22.97 In the Consultation Paper, the Commissions proposed that s 60I certificates should include information about why FDR was inappropriate or unsuccessful—for example, because there has been, or would be a future risk of family violence by one of the parties to the proceedings.
Submissions and consultations
22.98 Some of the submissions received by the Commissions indicated unequivocal support for the inclusion of additional information relating to family violence concerns in s 60I certificates. Chief Justice Bryant of the Family Court of Australia and Chief Federal Magistrate Pascoe noted in their submission that there is merit in at least limited information being included in s 60I certificates to the effect that FDR was inappropriate or ineffective because of family violence. Legal Aid NSW argued that some indication of risk of harm should be included in s 60I certificates because at the early or interim stage of a matter, a s 60I certificate may be one of the only sources of independent information available to a judicial officer who, otherwise, has to rely on the untested evidence of parties and the quality of their representation. The Women’s Legal Service Queensland commented that, given that family violence is often very hard to prove, the inclusion of such additional information on s 60I certificates may provide some limited corroboration.

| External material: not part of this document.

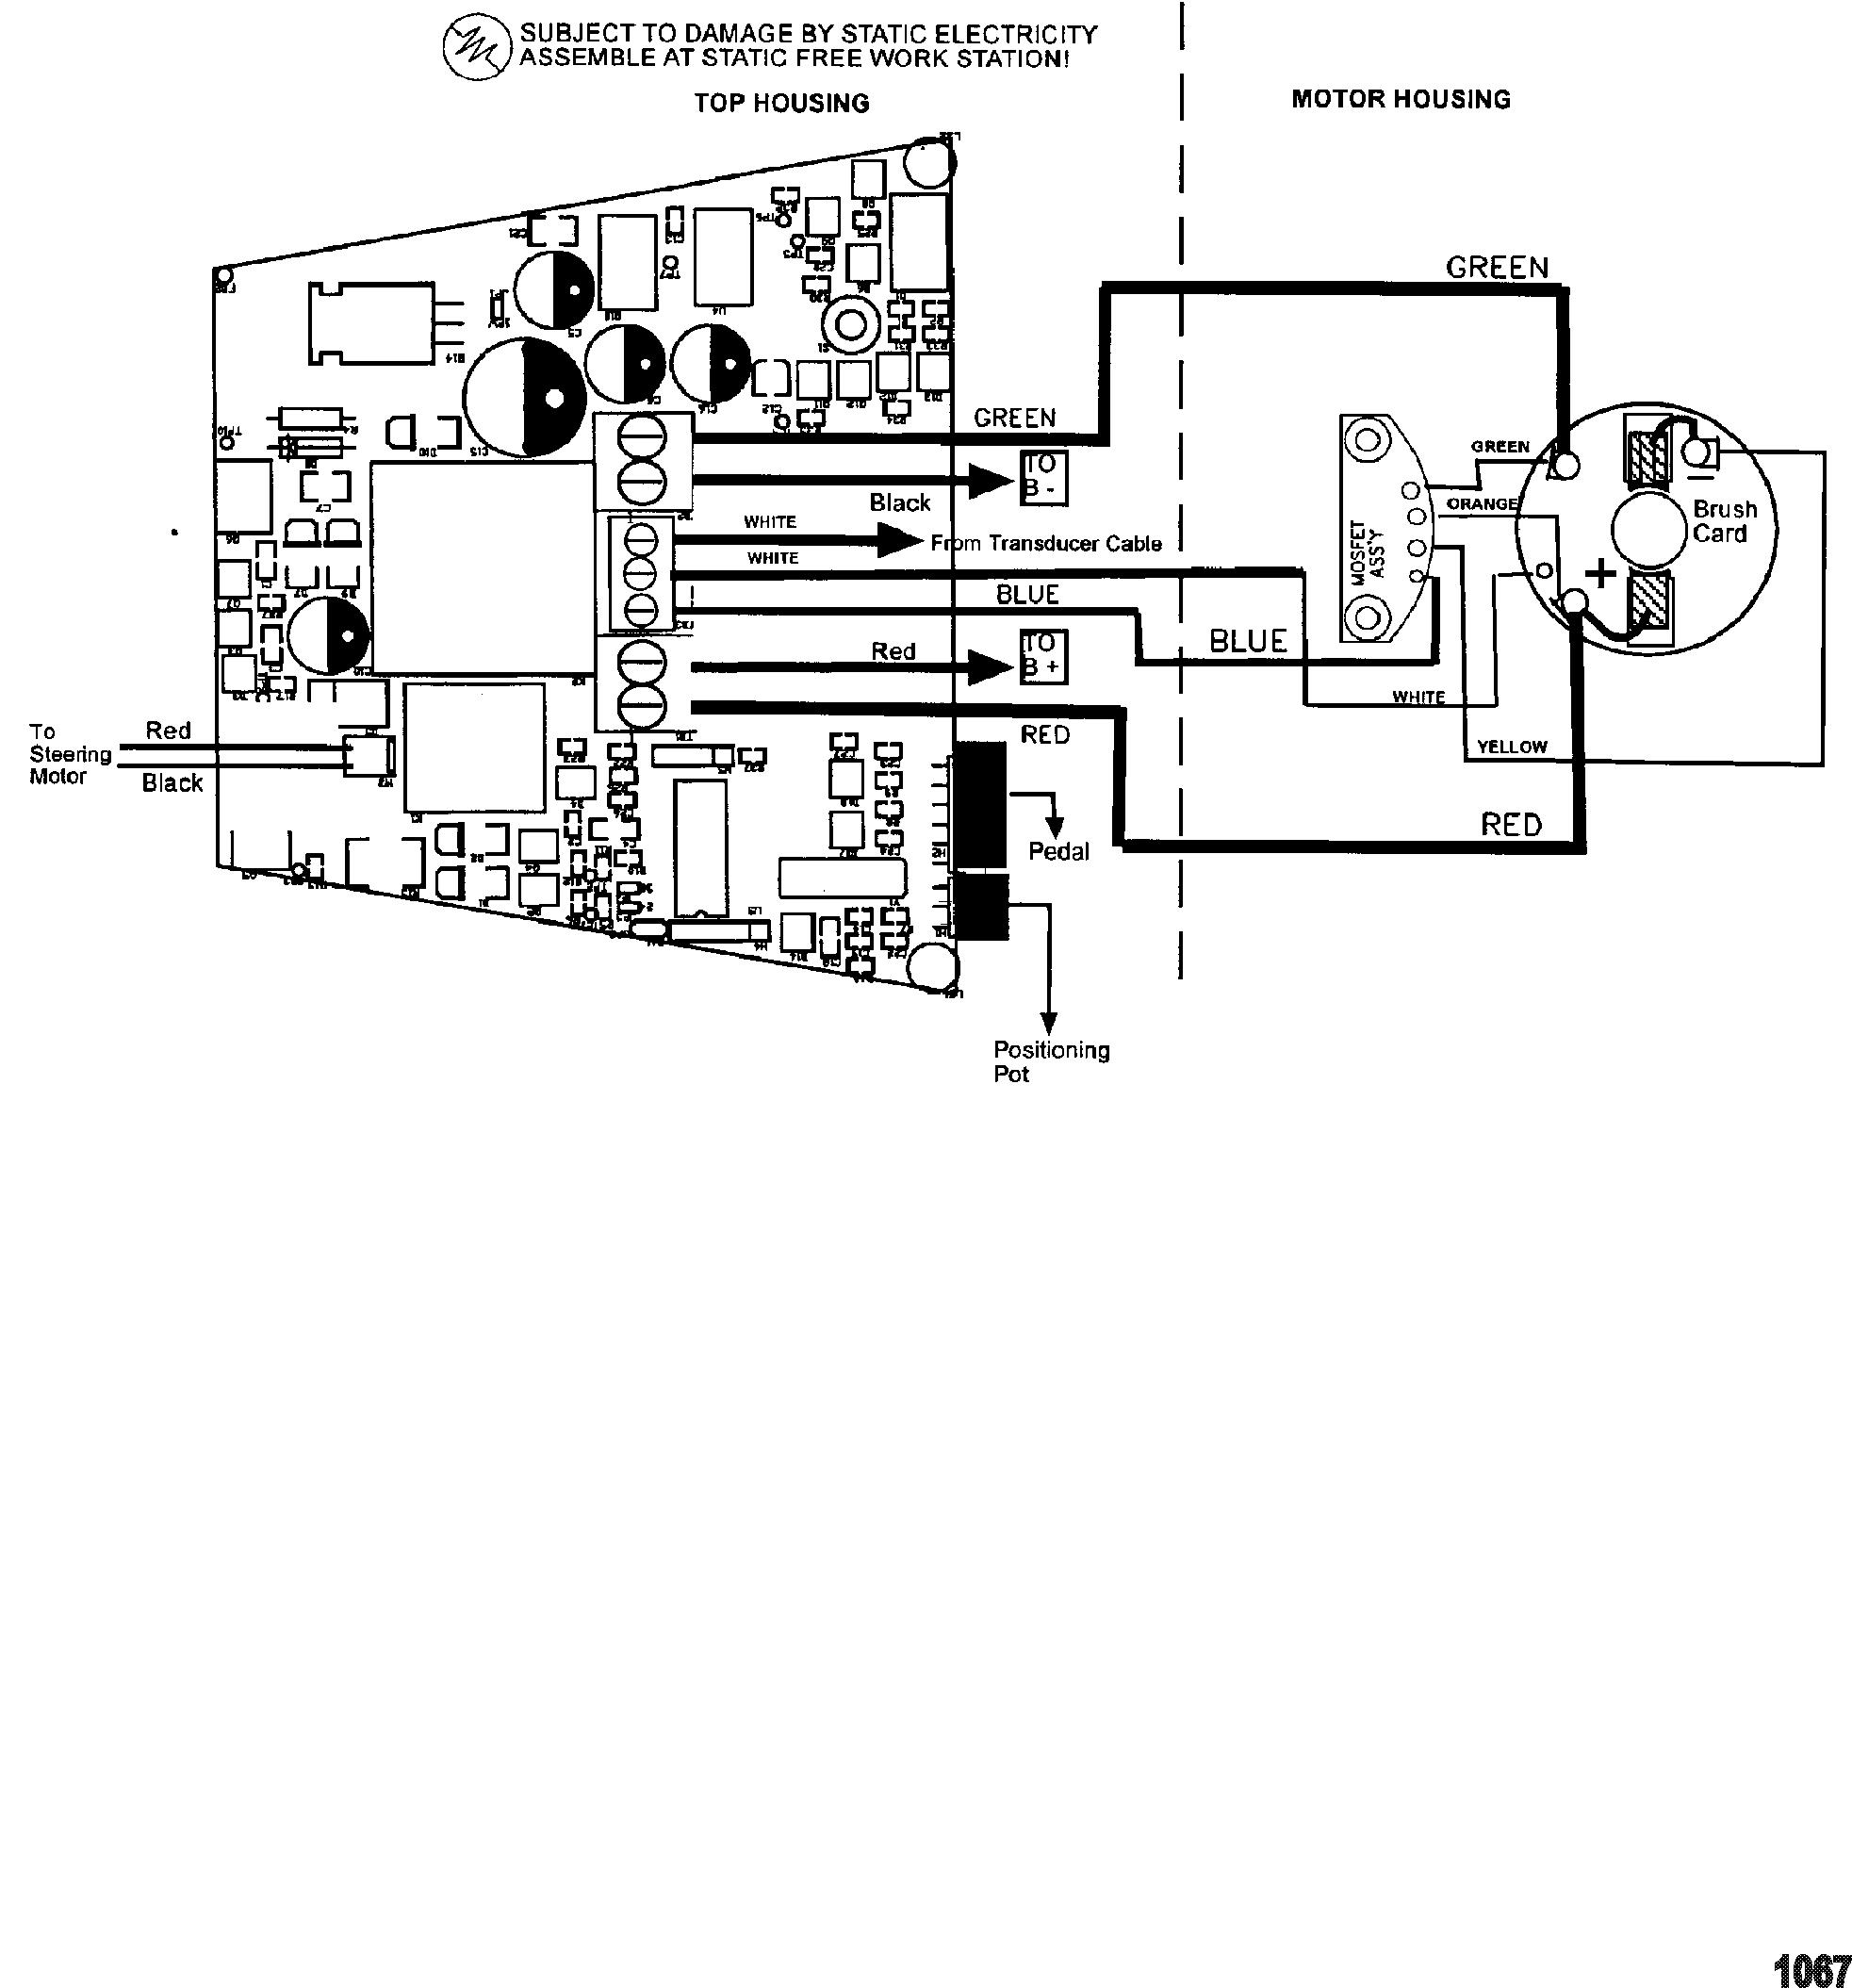 motorguide trolling motor wiring    motorguide trolling motor wiring    diagram impremedia net     motorguide trolling motor wiring    diagram impremedia net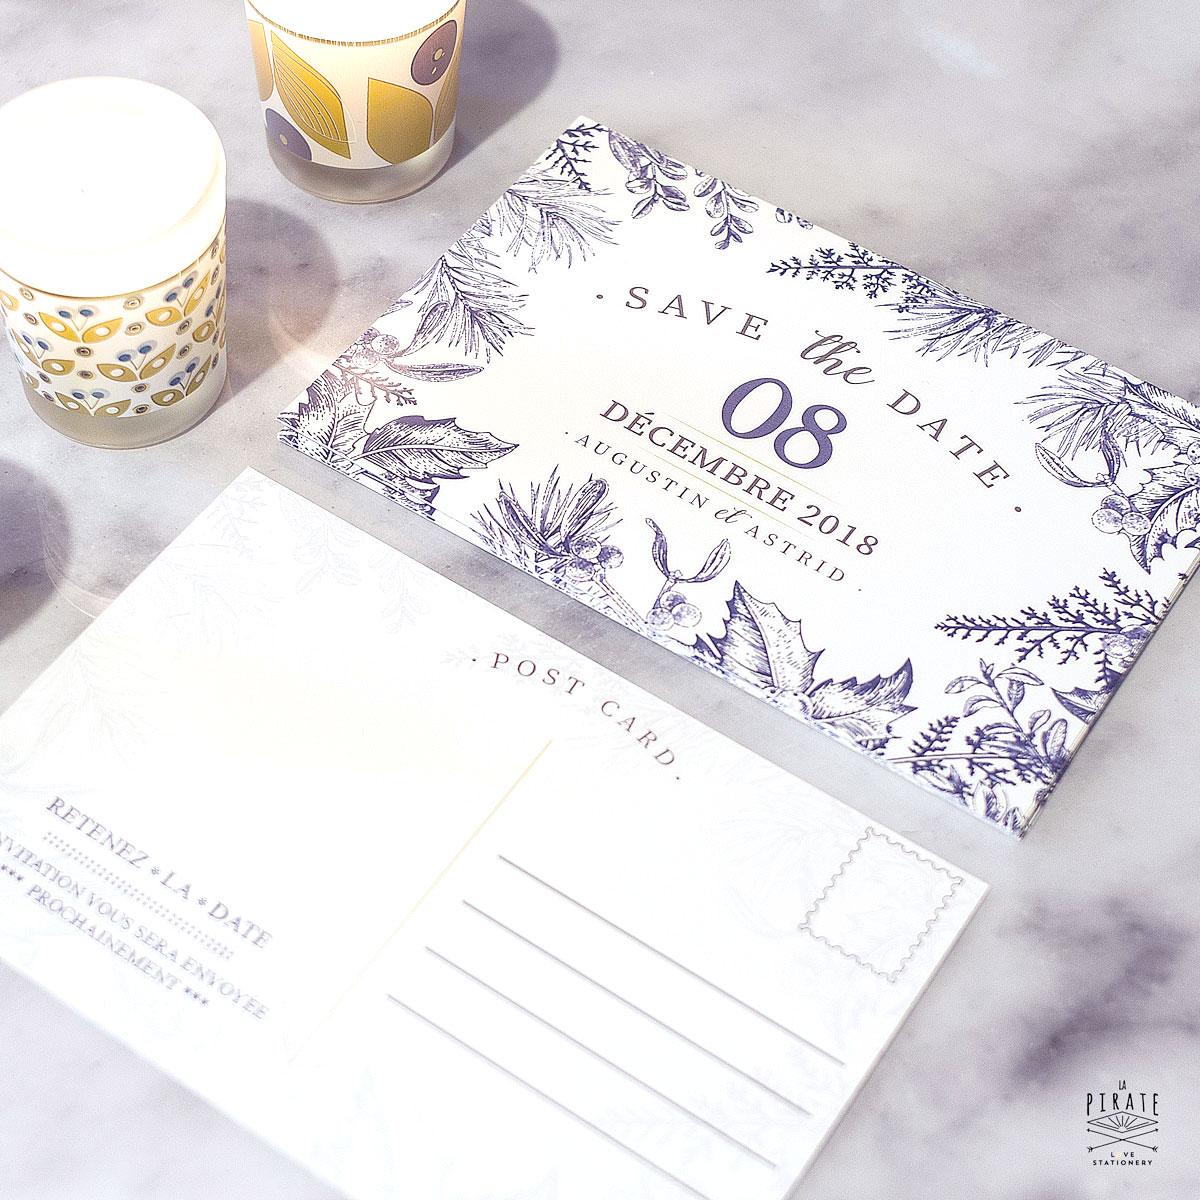 Mariage sans datation OST liste

22.99 In contrast, the Law Council of Australia and the Peninsula Community Legal Centre, although supporting the inclusion of such additional information, commented that the information should only be used for screening and risk assessment purposes and not as evidence of a disputed allegation. A number of submissions opposing the proposed inclusion of additional information relating to family violence raised significant objections. These objections are discussed below.
Undermining the nature of FDR
22.100 Submissions opposing the proposed inclusion of additional information pointed to the benefits of FDR in encouraging and allowing parties to raise matters on a confidential basis and to discuss options for settlement without prejudice and outside court processes. It was argued that the culture of alternative dispute resolution is open and co-operative, not adversarial. There was concern that publication of the factors that made FDR inappropriate would undermine the fundamental nature and benefits of a private, confidential out-of-court dispute resolution process. It was argued that undermining the confidentiality of the FDR process makes FDR less effective and less attractive, and that lack of confidentiality may discourage disclosure and honesty in communications. Concern was also expressed about the undermining of FDR practitioner neutrality and impartiality.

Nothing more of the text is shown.